> **Brief**: The expected output is every record below, transcribed exactly, with the pictures left out.
--- Data to process ---
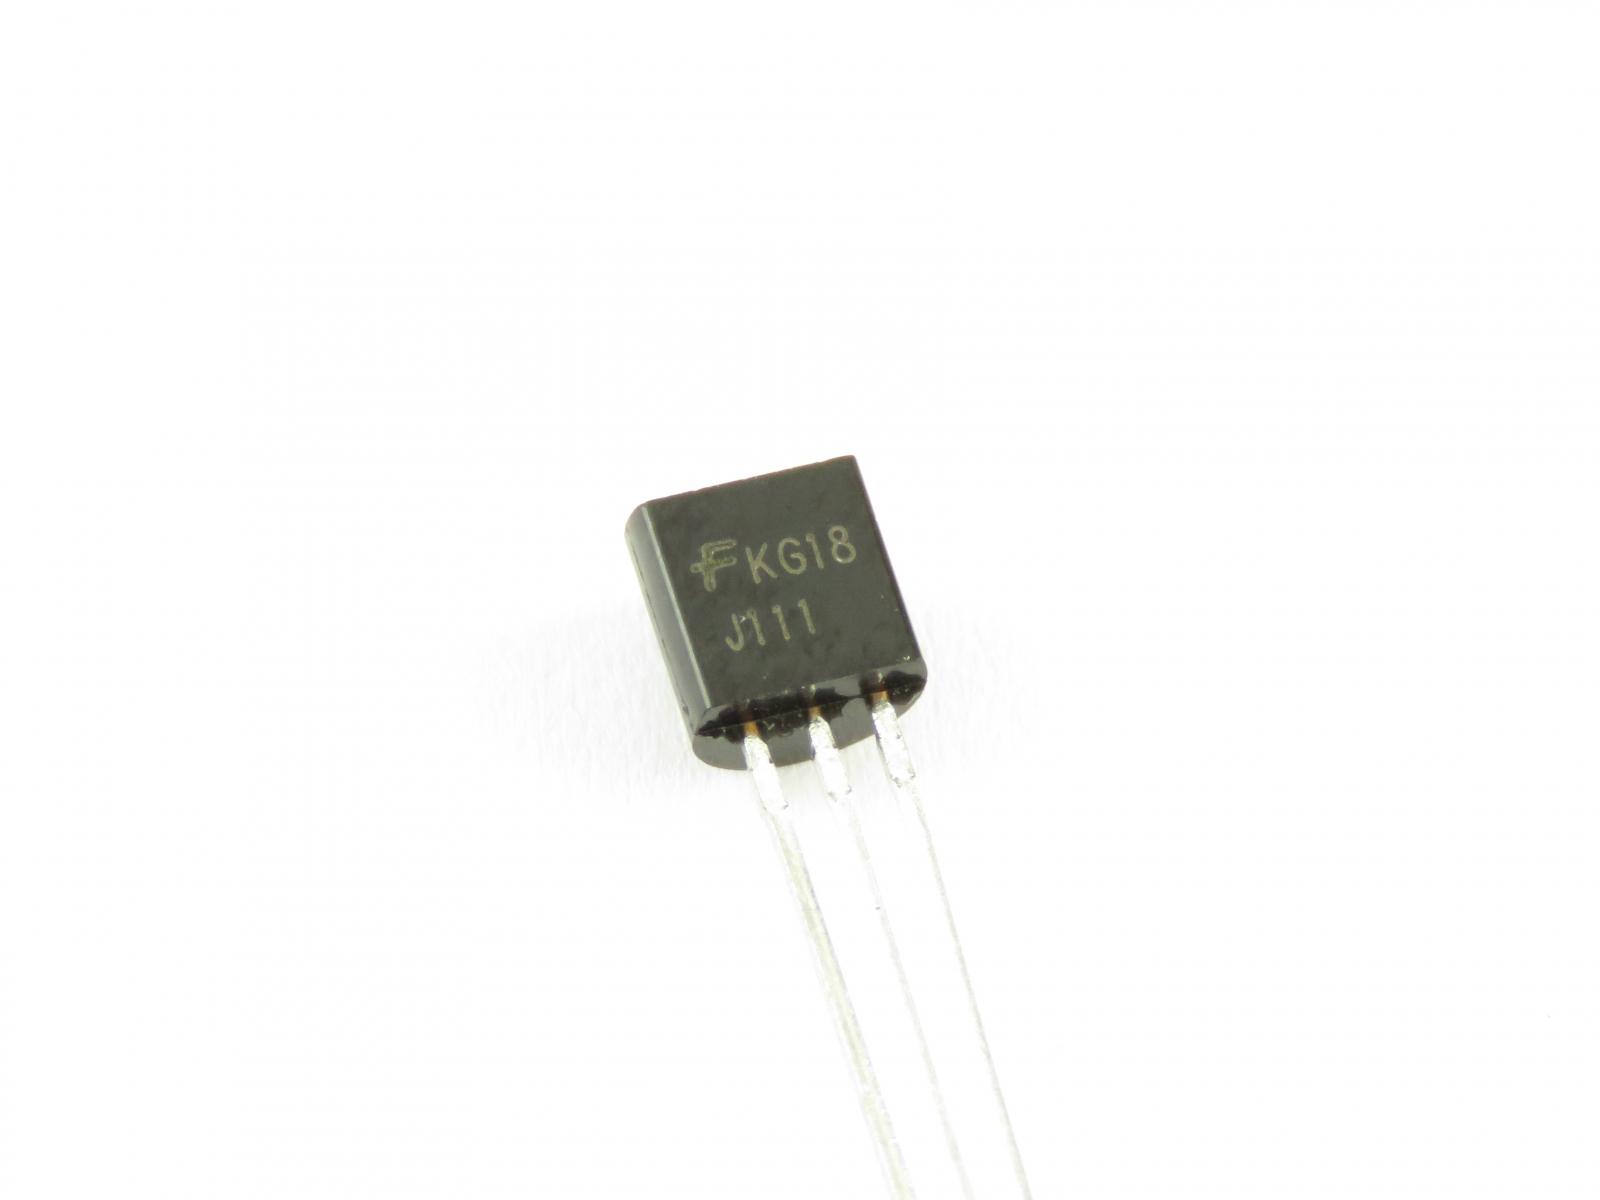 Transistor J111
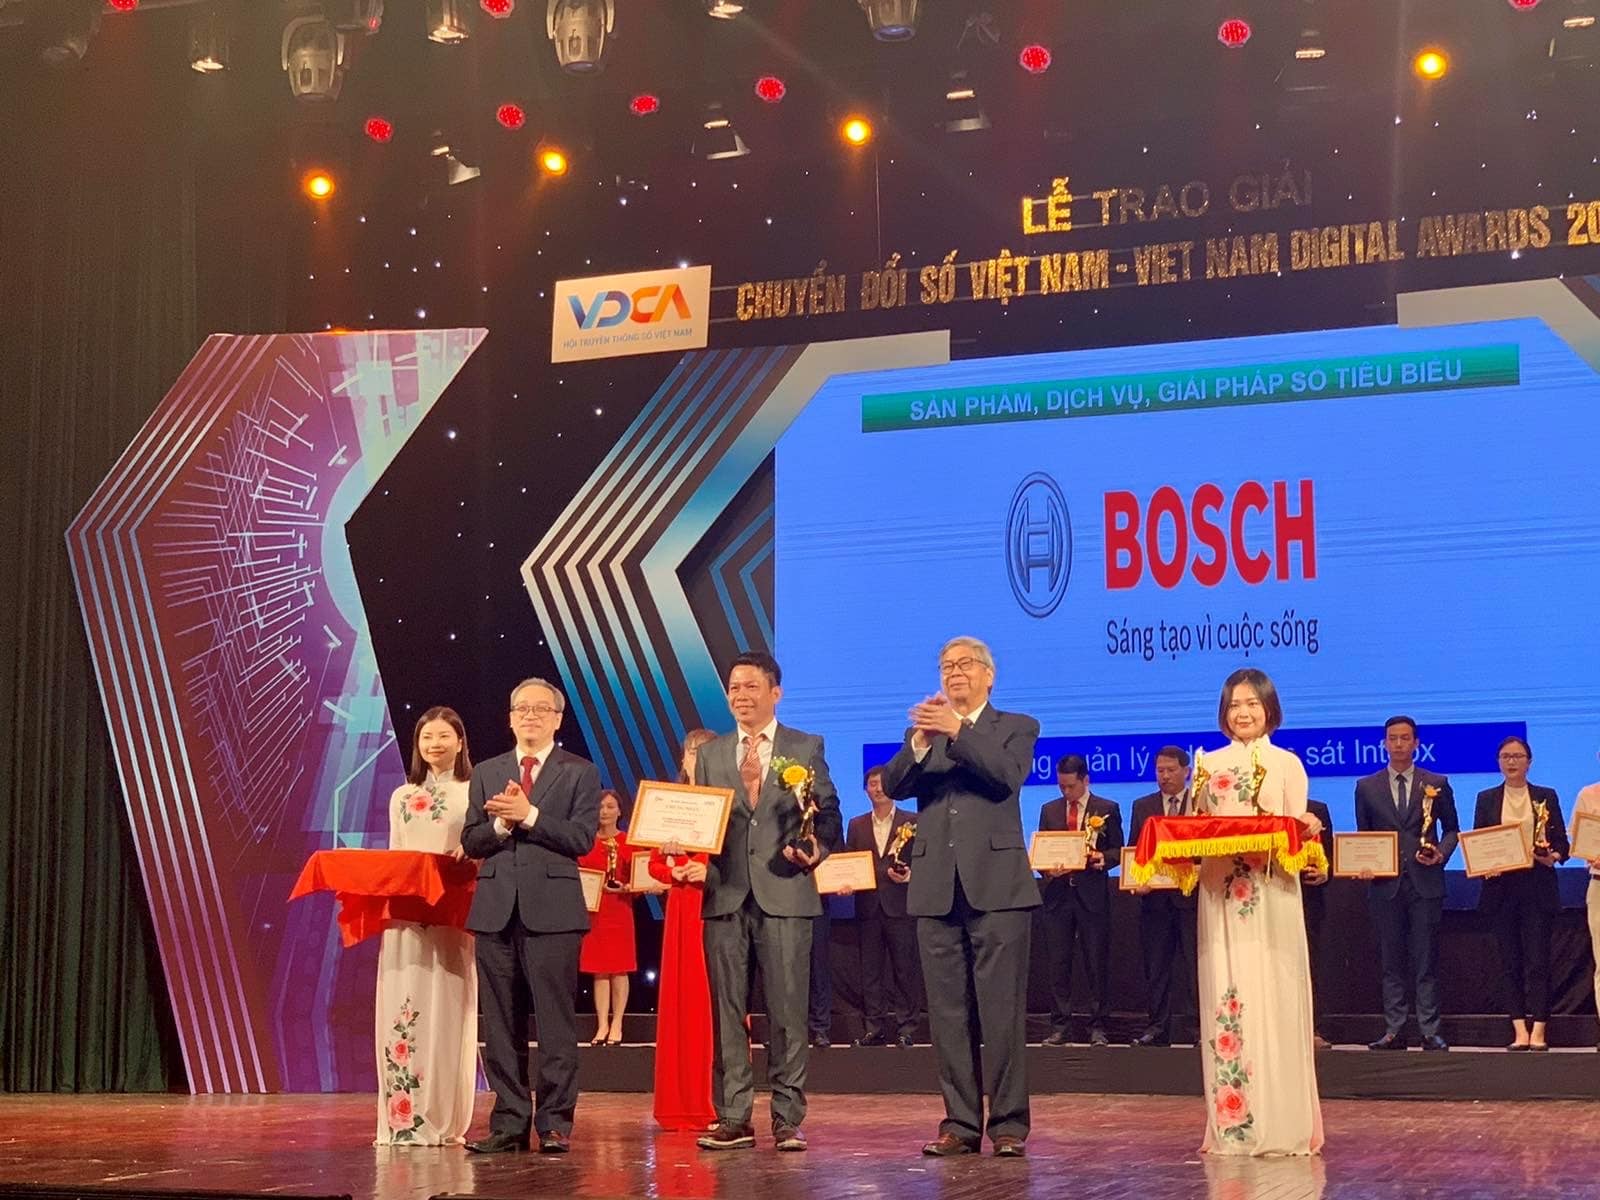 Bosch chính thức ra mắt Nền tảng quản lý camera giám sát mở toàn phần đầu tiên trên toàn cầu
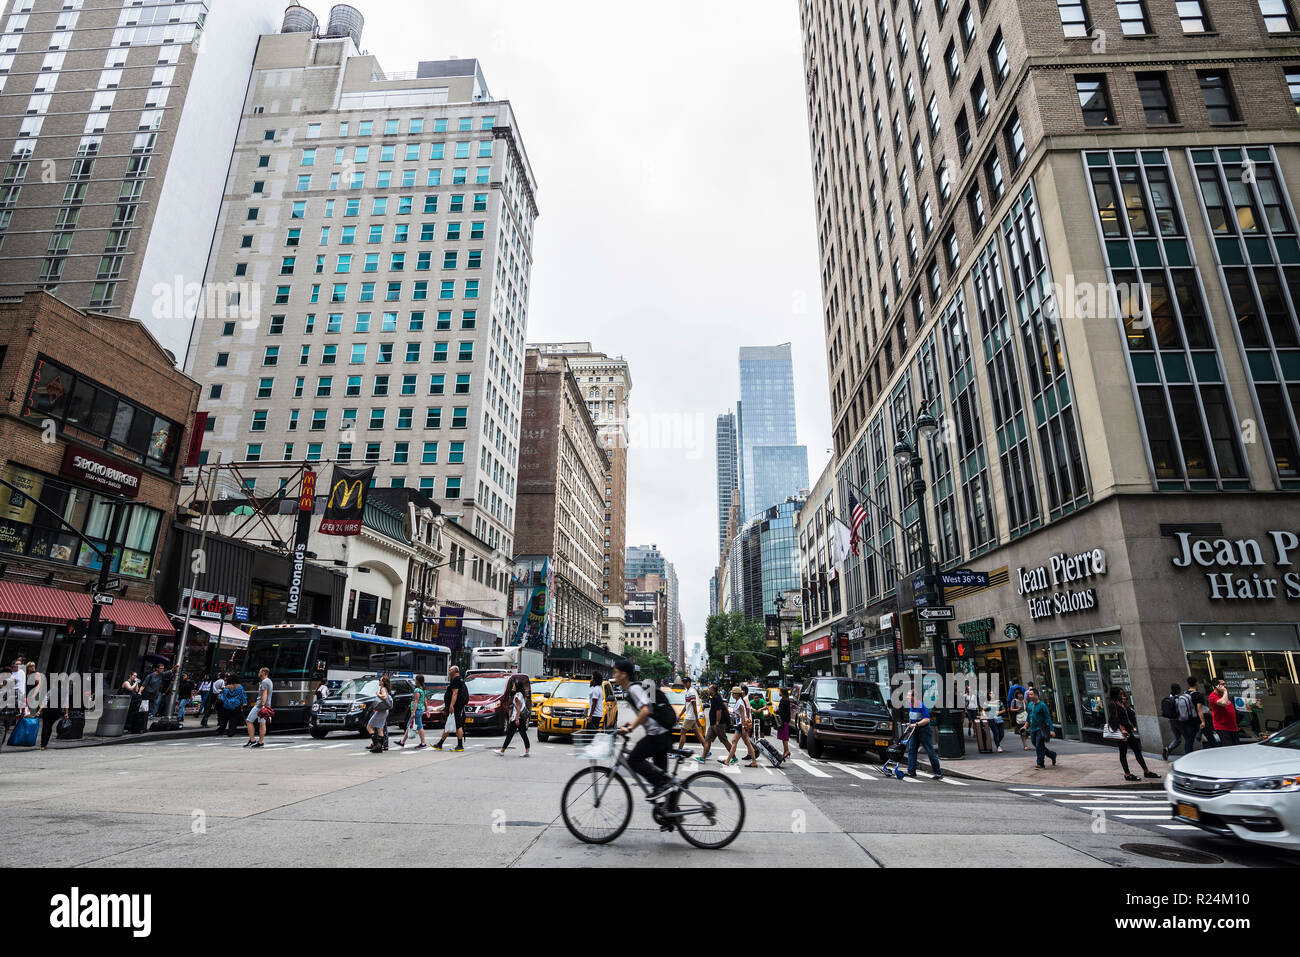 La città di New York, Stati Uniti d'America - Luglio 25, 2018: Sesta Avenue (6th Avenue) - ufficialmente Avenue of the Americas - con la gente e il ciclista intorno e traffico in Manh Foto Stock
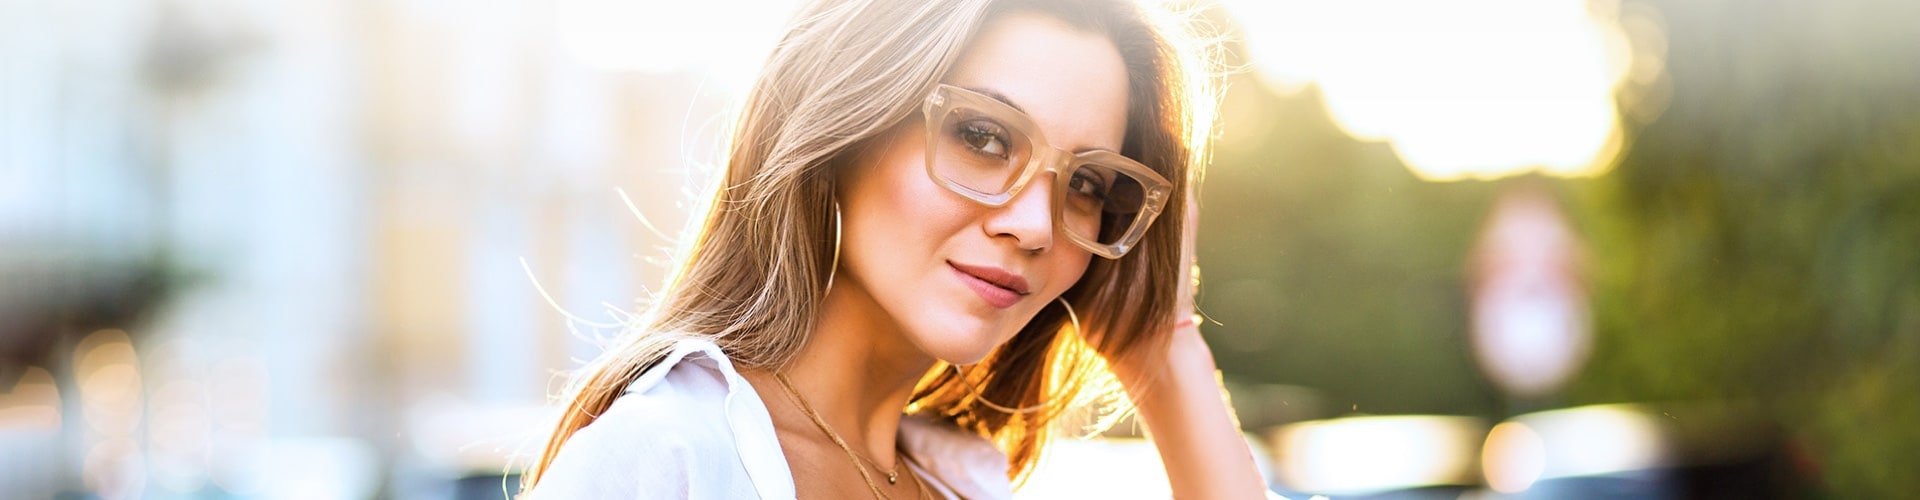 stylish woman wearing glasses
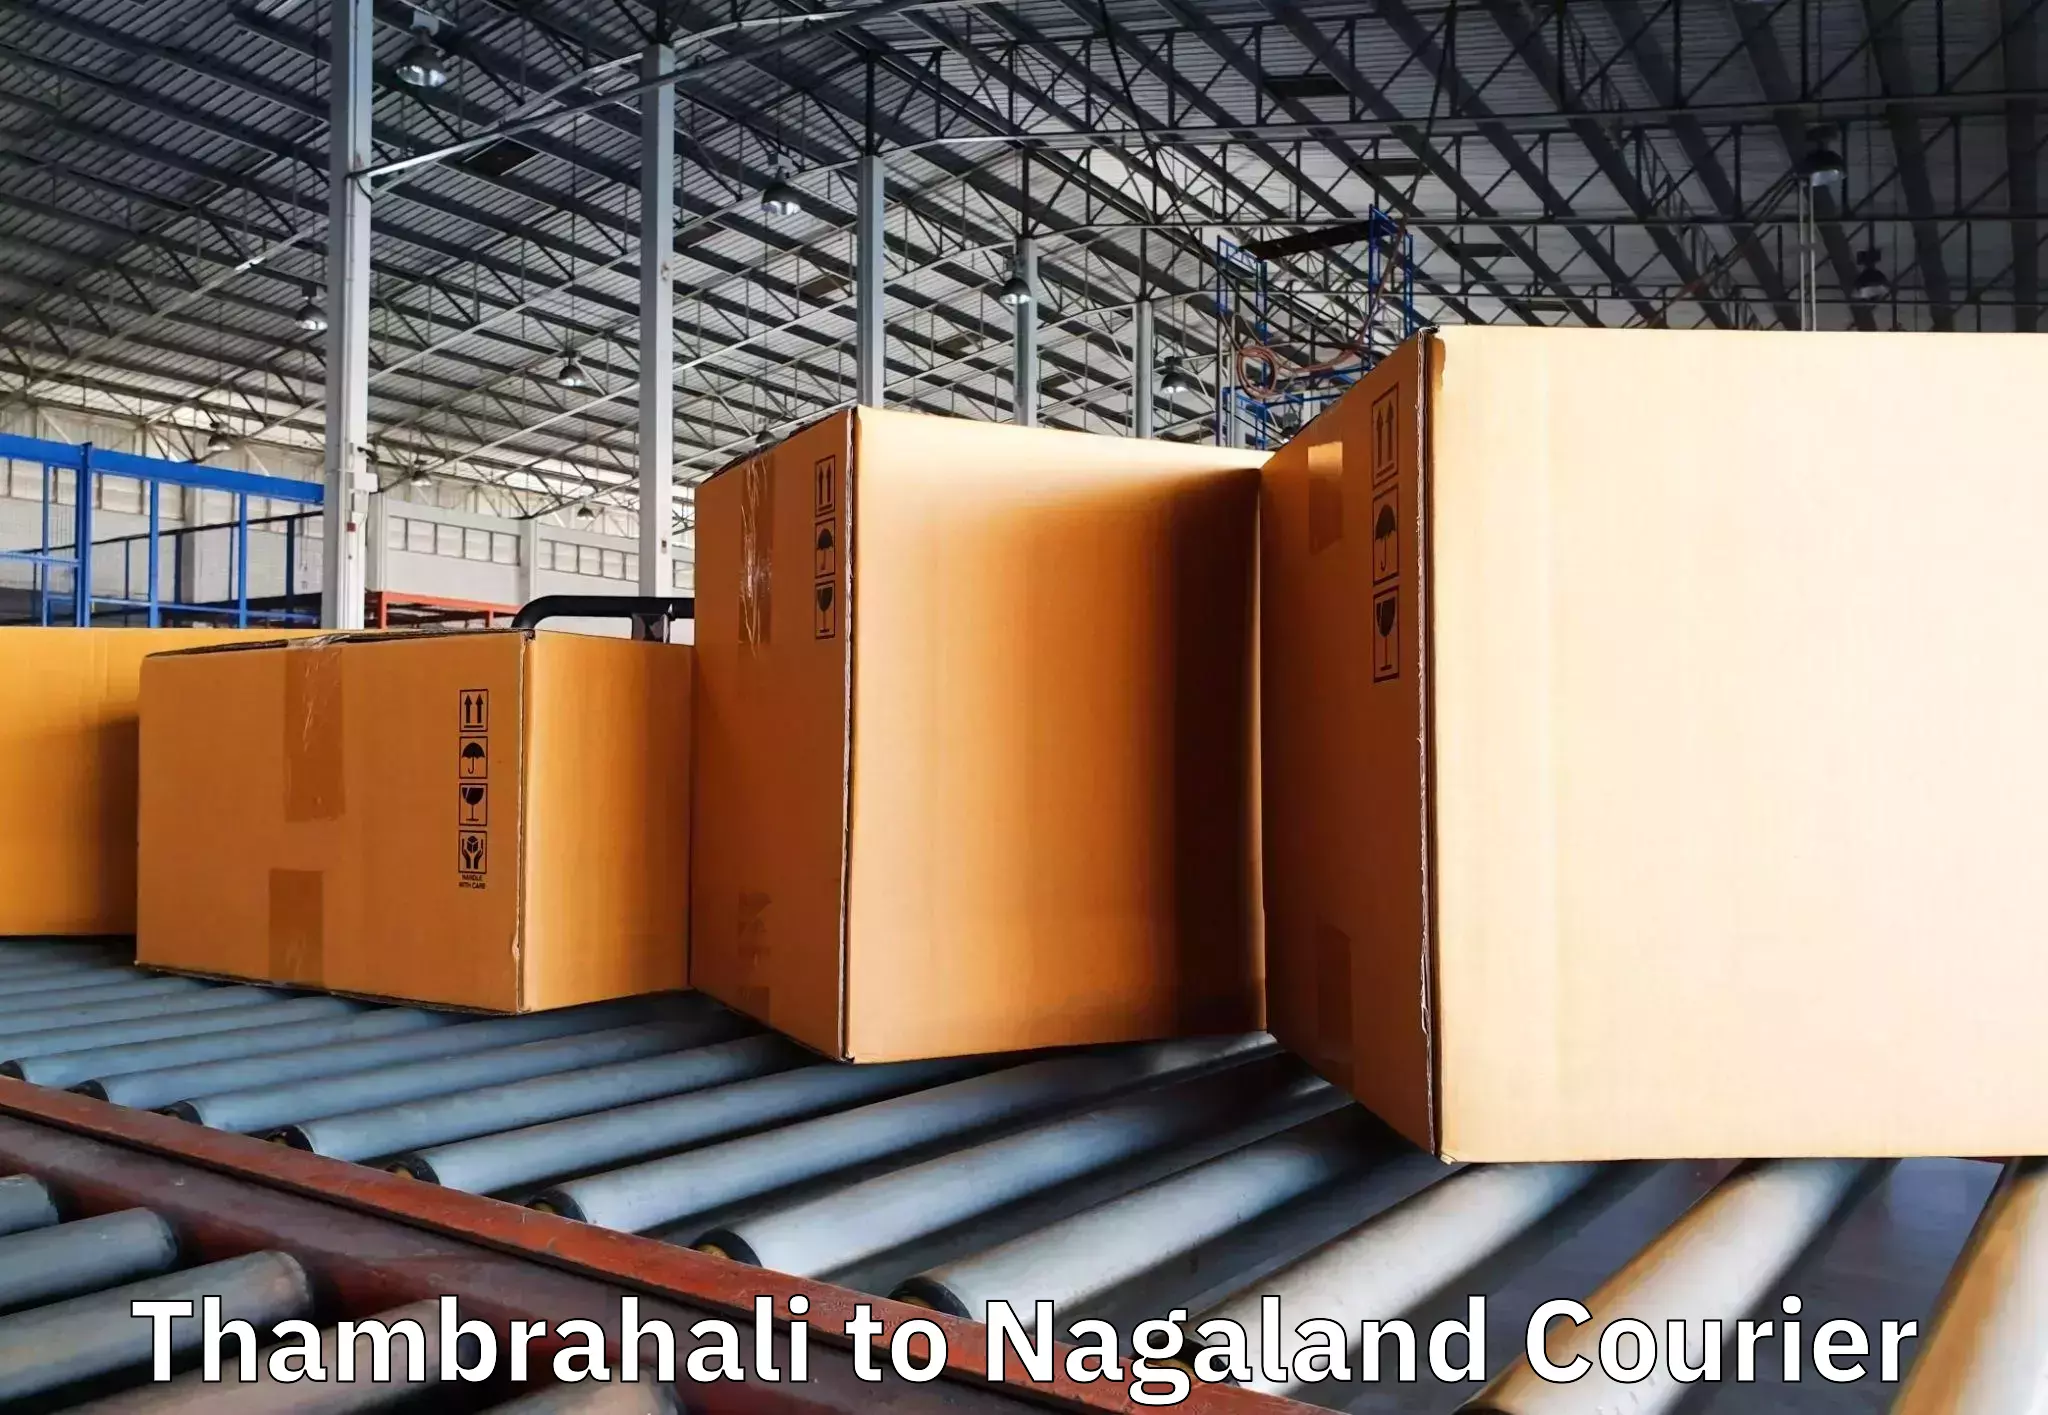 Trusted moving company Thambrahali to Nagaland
---
> **The completed task**:
 Transistor J111
 Bosch chính thức ra mắt Nền tảng quản lý camera giám sát mở toàn phần đầu tiên trên toàn cầu
 La città di New York, Stati Uniti d'America - Luglio 25, 2018: Sesta Avenue (6th Avenue) - ufficialmente Avenue of the Americas - con la gente e il ciclista intorno e traffico in Manh Foto Stock
 stylish woman wearing glasses
 Trusted moving company Thambrahali to Nagaland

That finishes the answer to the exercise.